# Thank You For Having Me



## RheirBreed (Mar 18, 2015)

Bro. J. Hughes, I am a MM brother from Chicago, IL. Law Men Lodge 1050 MF&AM. It is good to meet your aquantance. "Behold how good it is for brethren to join together"


----------



## Bro. Stewart P.M. (Mar 19, 2015)

Welcome to the online community here!


----------



## Blake Bowden (Mar 19, 2015)

Welcome to the site!


----------



## MRichard (Mar 25, 2015)

What is your grand lodge? Haven't seen a MF & AM before.


----------



## dfreybur (Mar 25, 2015)

MRichard said:


> What is your grand lodge? Haven't seen a MF & AM before.



I figured it was a typo for AF&AM so I looked up 1050 in my own jurisdiction.

http://go.masonicconnections.com/Site/GrandLodgeIllinois/Information/LodgeLocator.aspx  No such lodge in my Illinois jurisdiction.

http://www.mwphglil.com/  The other regular and recognized jurisdiction in that territory only goes up to #157.

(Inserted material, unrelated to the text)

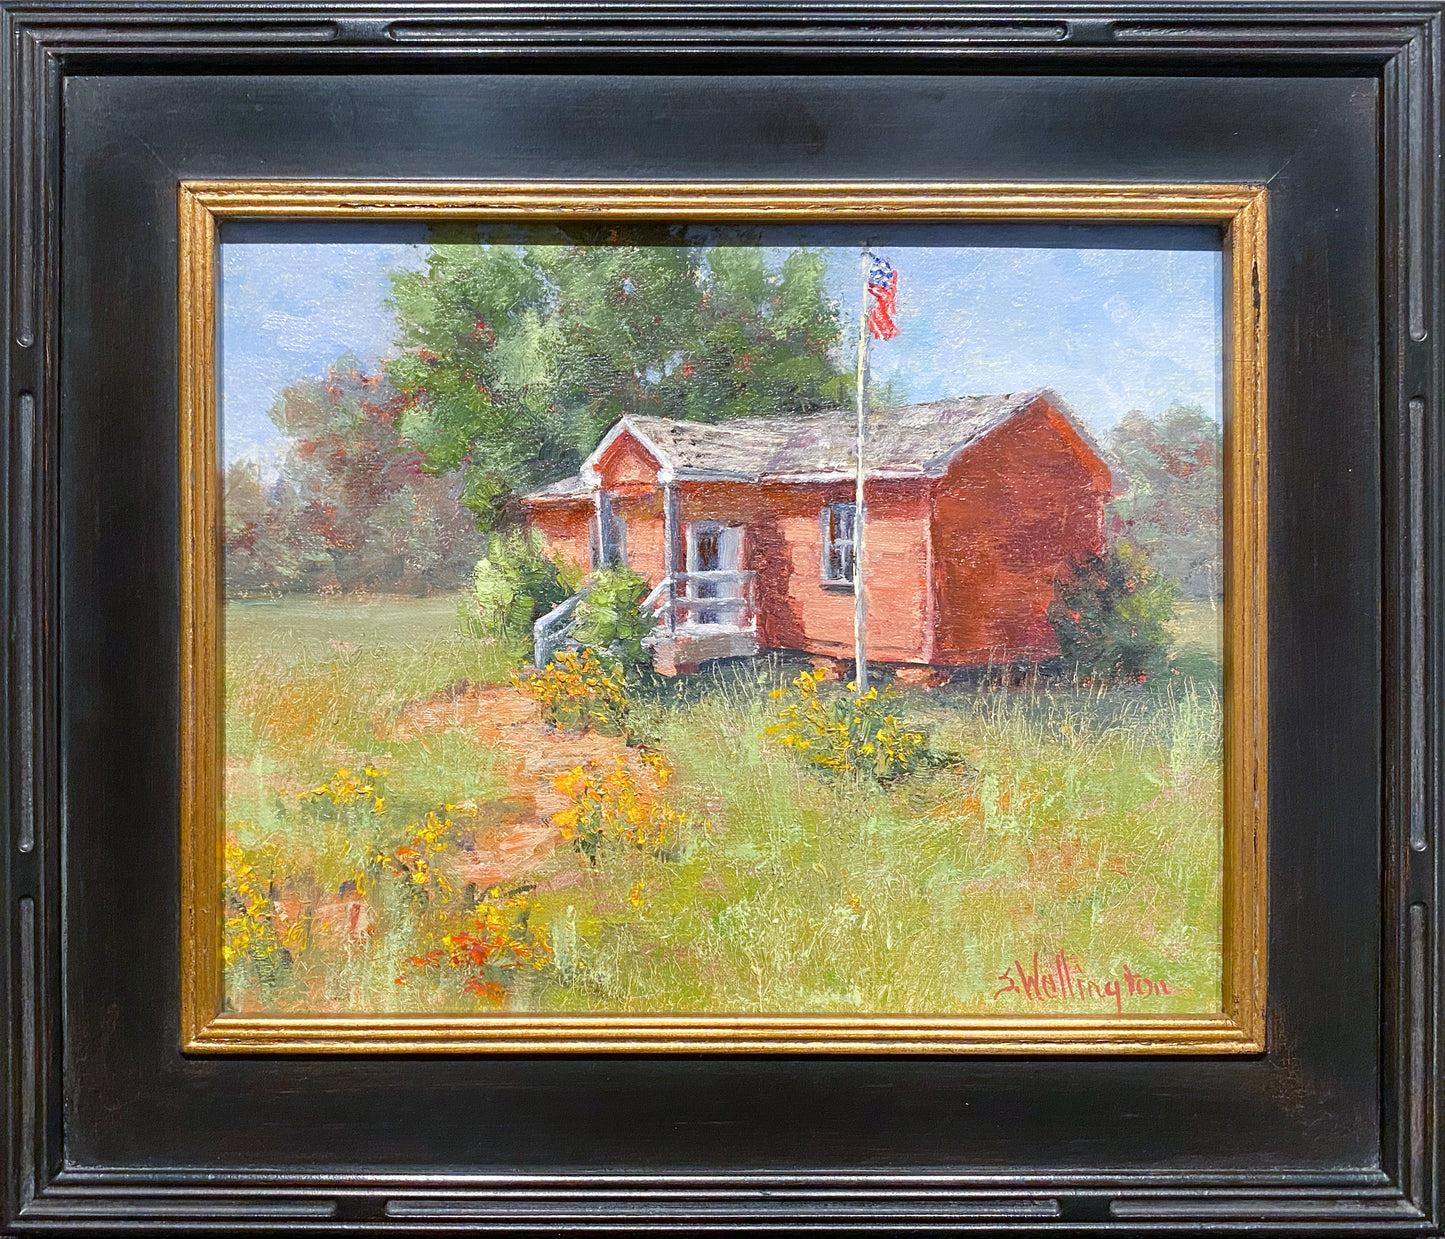 Little Red Schoolhouse

http://thephylaxis.org/bogus/bogus_il.php  No obvious match in the current bogus list.


----------



## Ripcord22A (Mar 25, 2015)

Did a Google search and the closest thing I could find was a BPOE lodge 1050 in Kearney, NJ


----------



## MRichard (Mar 26, 2015)

After more research, I did find this grand lodge in Chicago, IL that styles itself MF & AM. http://www.ksgrandlodge.com/index.html . Not sure if you realize this @RheirBreed but this is a clandestine grand lodge. It may not be your grand lodge but the only regular & recognized lodges in your state would be Grand Lodge of Illinois & MWPHGLIL (Prince Hall)


----------